In the demise of former Japanese Prime Minister Shinzo Abe, the world has lost a leader, and India has lost a committed partner. His legacy is marked by statesmanship and foresight, enabling him to reform the security and economic establishment of a Japan rooted in post-World War II pacifism into envisioning an Indo-Pacific regional architecture that pursued freedom, prosperity and transparency.
During his nine-year two tenures as prime minister, Shinzo Abe visited India four times. As a young man, Shinzo Abe’s opinion of India was informed by Indian jurist Justice Radhabinod Pal’s dissent note at the UN-appointed Tokyo Tribunal in 1948, where 25 Japanese nationals were handed a guilty verdict for war crimes. Shinzo Abe’s grandfather and later prime minister, Nobusuke Kishi, was also accused of war crimes, although he was never tried. This made Justice Pal a hero among Japan’s nationalist politicians, including Nobusuke Kishi, who in 1957 became the first Japanese prime minister to visit India. When his grandson Shinzo Abe made his first visit to India as Japan’s Prime Minister in 2007, he made a call on Justice Pal’s son in Kolkata.
The Abes’ personal admiration surely helped build a special Japan-India relationship. It was Shinzo Abe, who, on his first brief stint as Prime Minster in 2006-2007, recognised India as an important partner with Japan bilaterally and multilaterally.
In Asia, the presence of a common competitor, China, with an increasing strategic presence, gave impetus for the two other Asian giants, India and Japan, to build closer relations. This was aided by the West’s embrace of India in the late 2000s. In 2007, while India was domestically debating and negotiating the India-U.S. Civil Nuclear Agreement amongst the government’s coalition partners, during an official visit to India the same year, Abe delivered a historic speech in the Indian Parliament which gave shape to the idea of a new geographical imaginary linking the Indian and Pacific Oceans. He described it as a “broader Asia” coming together in an “immense network spanning the entirety of the Pacific Ocean, incorporating the United States of America and Australia”. This “confluence” of the Indian and Pacific oceans anchored Japan and India’s role in the Indo-Pacific.
The newly defined region marked the beginning of geopolitical cooperation between India and Japan, a departure from the previous nature of relations primarily defined by economics and trade.
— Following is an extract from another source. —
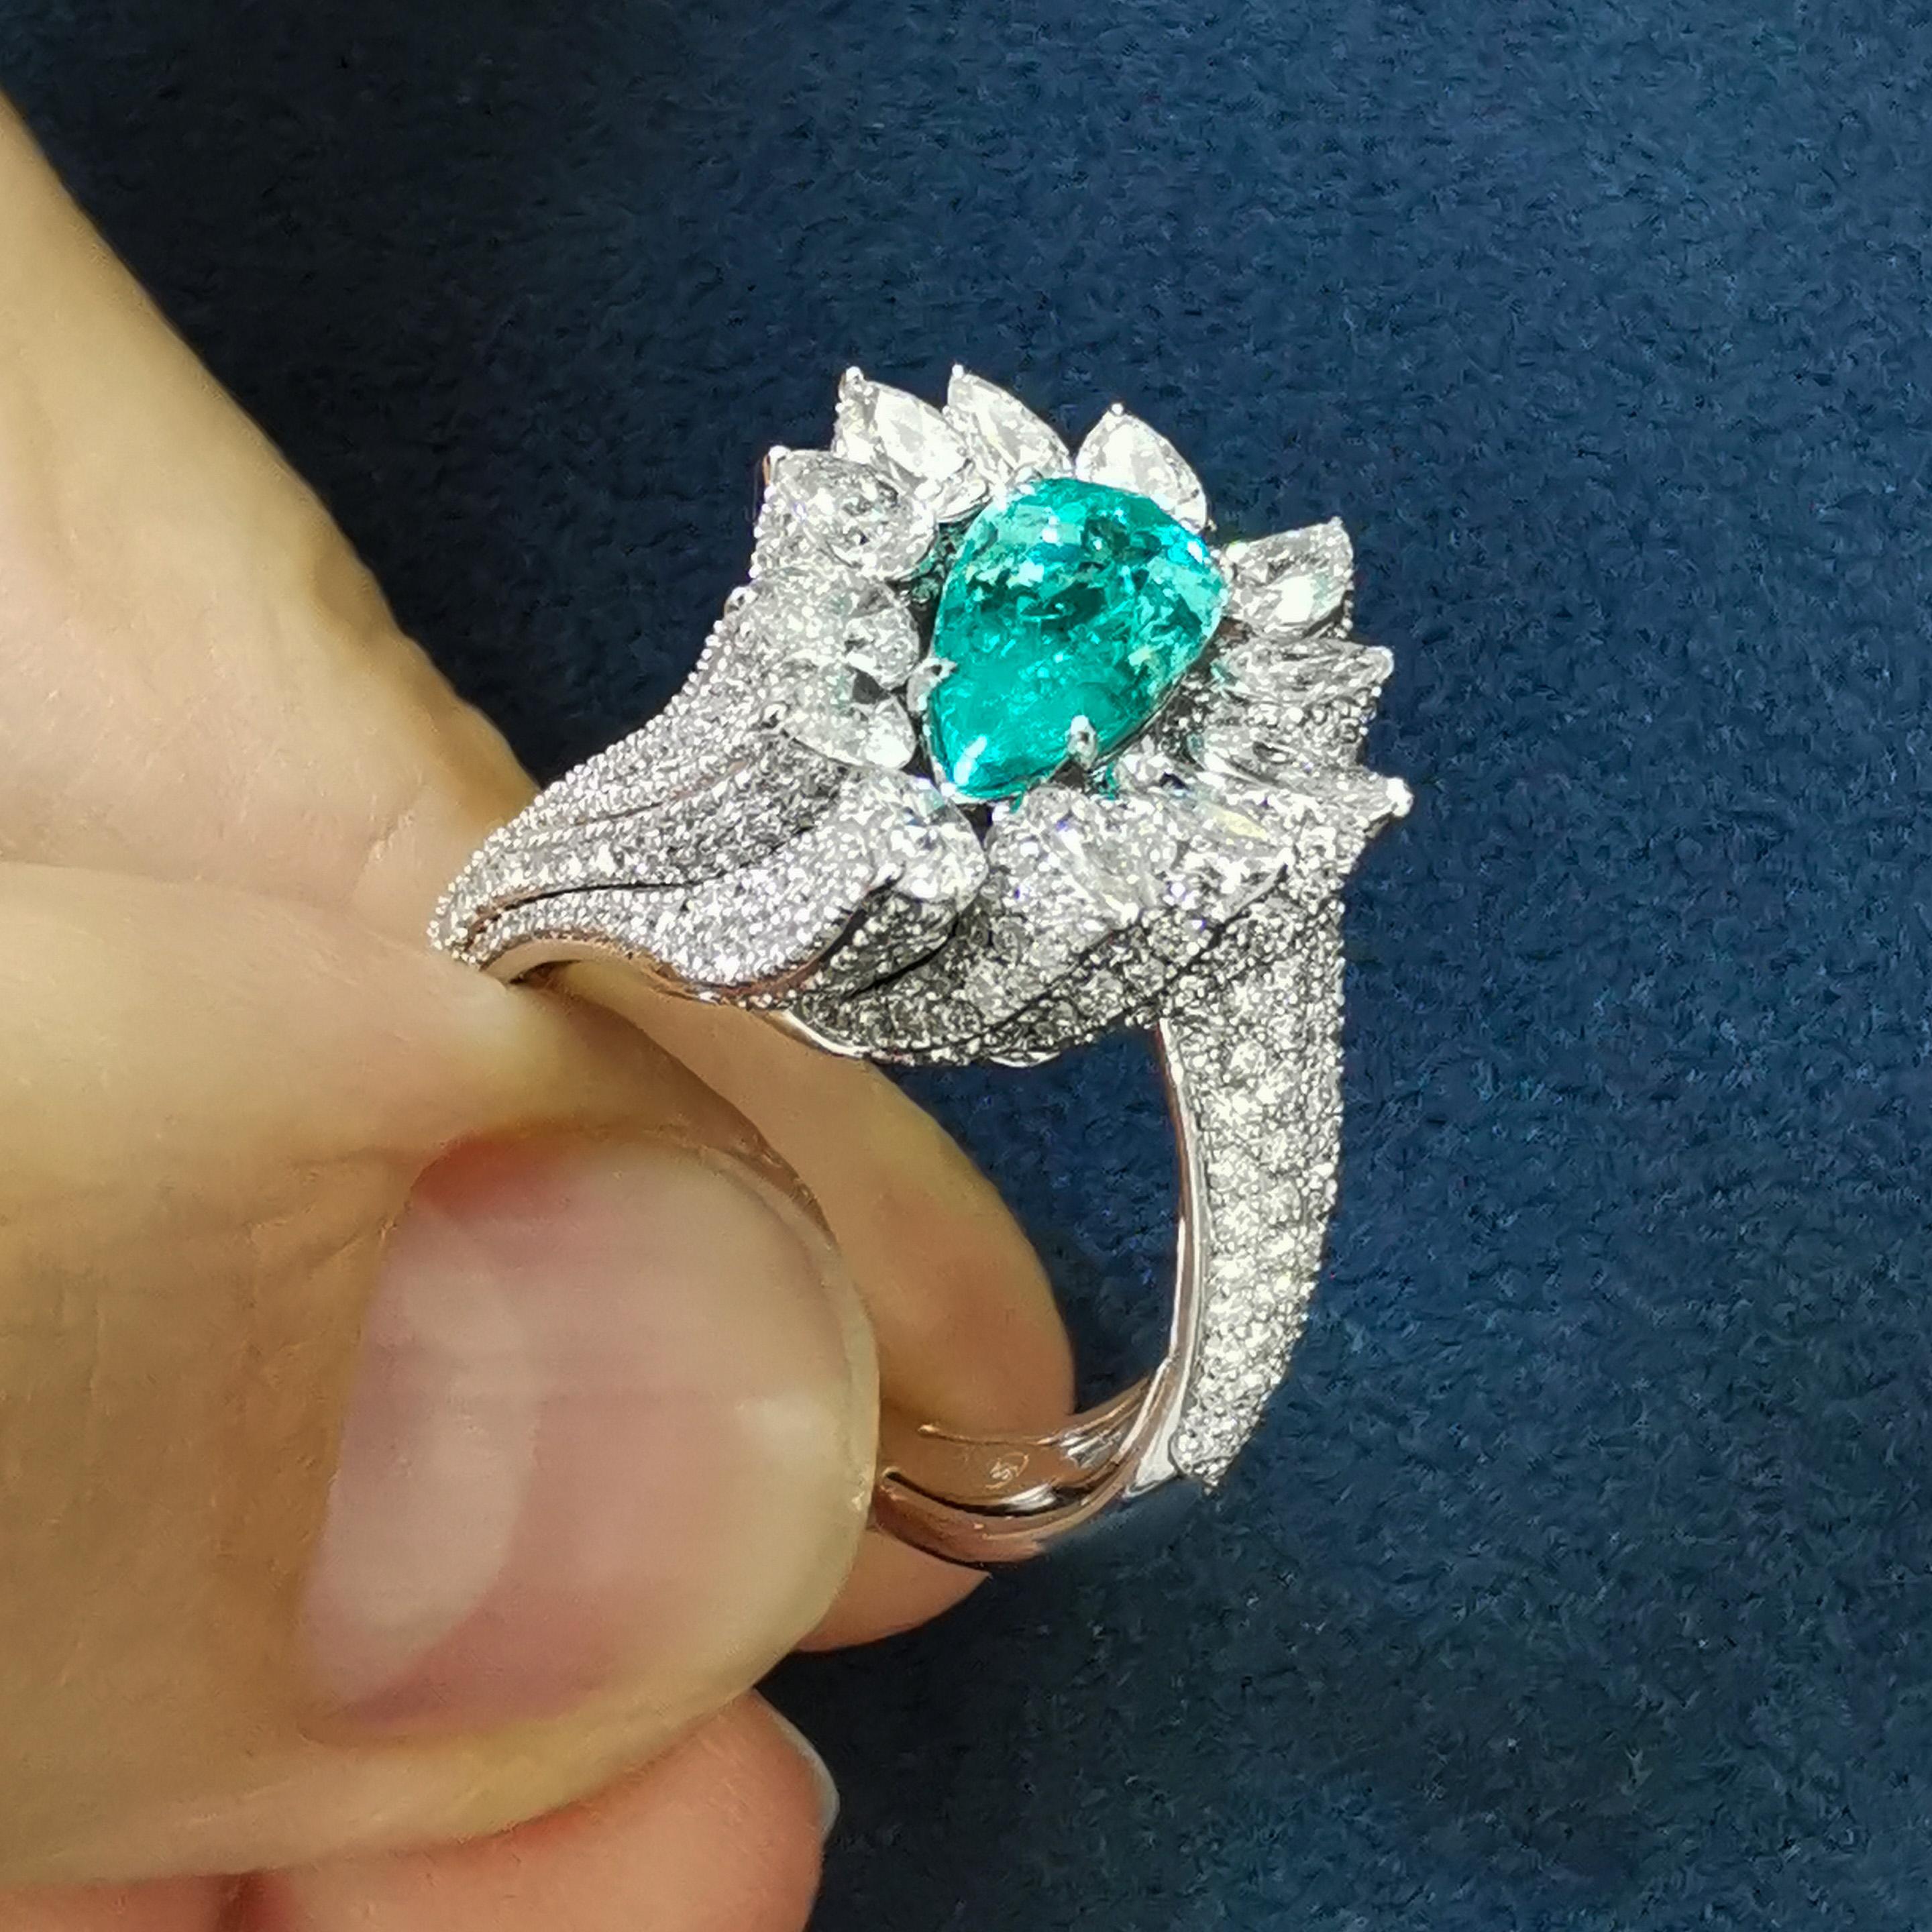 1.76 carat diamond ring

It materialised into the Quadrilateral Security Dialogue or Quad, for which Shinzo Abe was instrumental in successfully building a common vision for democracy in the region and cooperation between India, Japan, Australia and the U.S. Abe’s foresight on the Indo-Pacific extended to the Comprehensive and Progressive Agreement for Trans-Pacific Partnership (CPTPP) where Japan took leadership of the mega trade agreement following US’ abdication in 2017. Much to his disappointment, India did not join the agreement.
Bilaterally, Japan had a unique economic engagement with India, taking on challenging infrastructure projects like the small car Maruti-Suzuki, the Dedicated Freight Corridor and the Delhi-Mumbai Industrial Corridor. Abe pushed forward more ambitious but necessary infrastructure requirements for India, like the metro and the Shinkansen Bullet Train high-speed rail project. In this, he was assisted by his many friends in India, from former Prime Minister Dr Manmohan Singh to the current Prime Minister Narendra Modi, creating an environment that recognised mutual interests and benefits.
Since the early 2000s, Japan has been a significant development partner for India. In 2003, India became the largest recipient of Official Development Assistance (ODA) from Japan. Under Shinzo Abe, India’s share of ODA increased, despite a decline in total ODA that Japan extended.
Shinzo Abe’s contribution to India’s growing strategic salience cannot be understated. He had faith in India. He recognised the opportunities India and Japan offered each other and created a dynamic relationship with convergence in regional governance and partnership. The momentum of the bilateral built during his tenure has continued since he stepped down as Japan’s Prime Minister in 2020, and India and Japan continue to extensively cooperate in various domains.
In the passing of Shinzo Abe, India has lost a true friend.
Saeeduddin Faridi is a Researcher at Gateway House.